***** Material provided

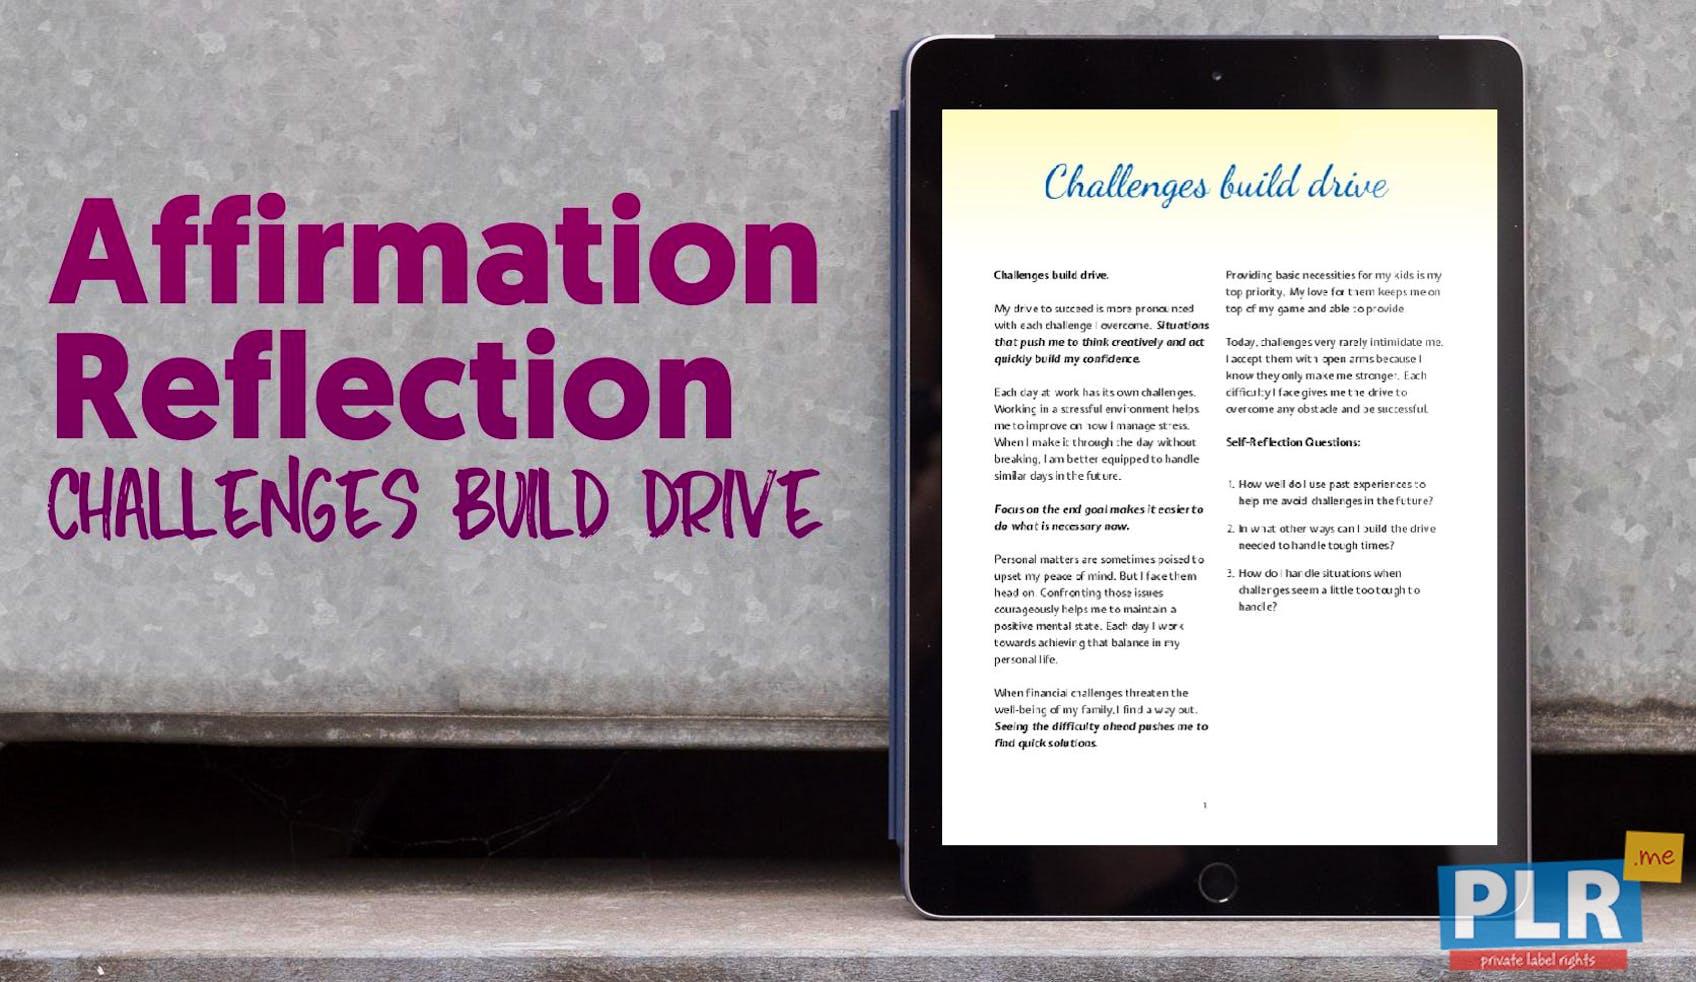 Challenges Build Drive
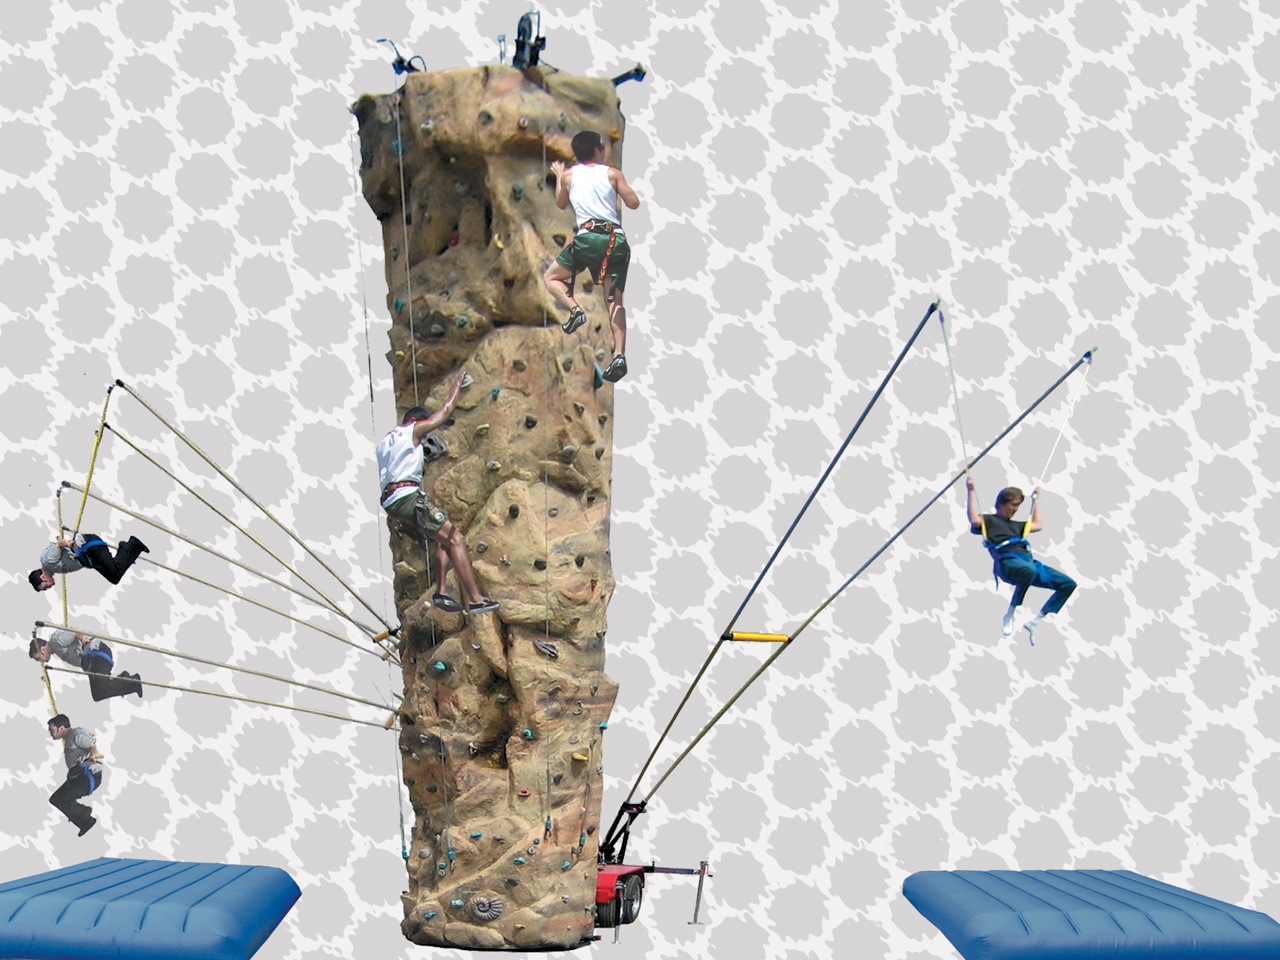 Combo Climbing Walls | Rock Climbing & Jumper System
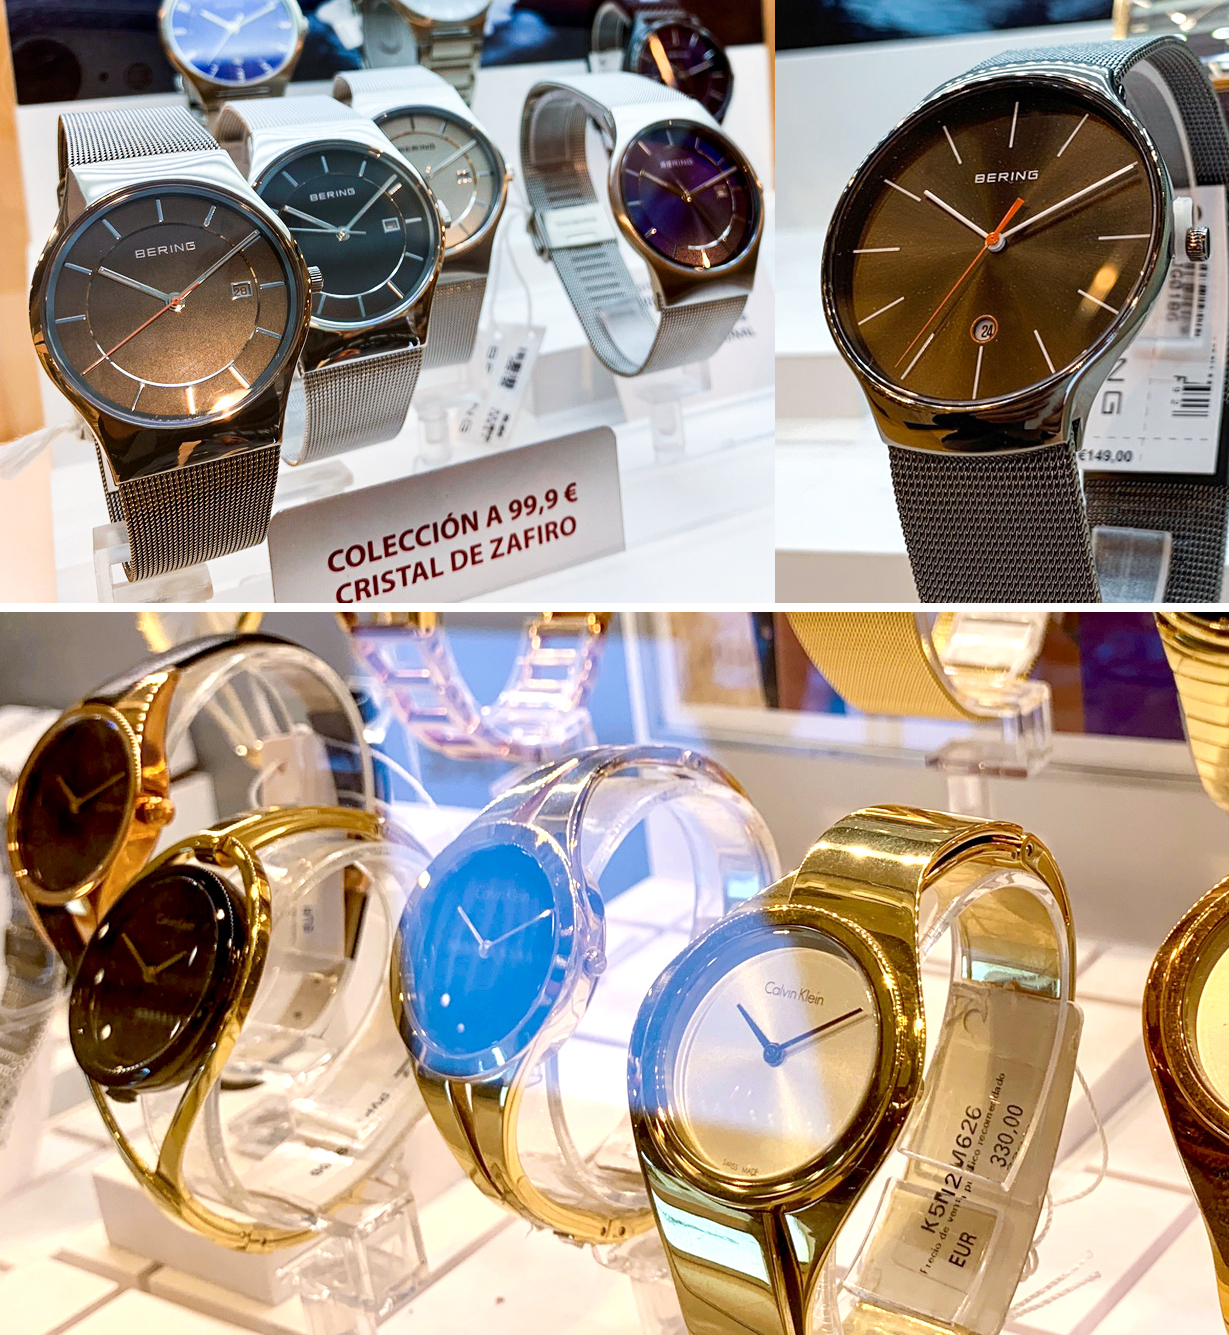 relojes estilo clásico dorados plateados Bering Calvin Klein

**********

Task description: Output all data exactly, omitting images.

Answer:
 Challenges Build Drive
 Combo Climbing Walls | Rock Climbing & Jumper System
 relojes estilo clásico dorados plateados Bering Calvin Klein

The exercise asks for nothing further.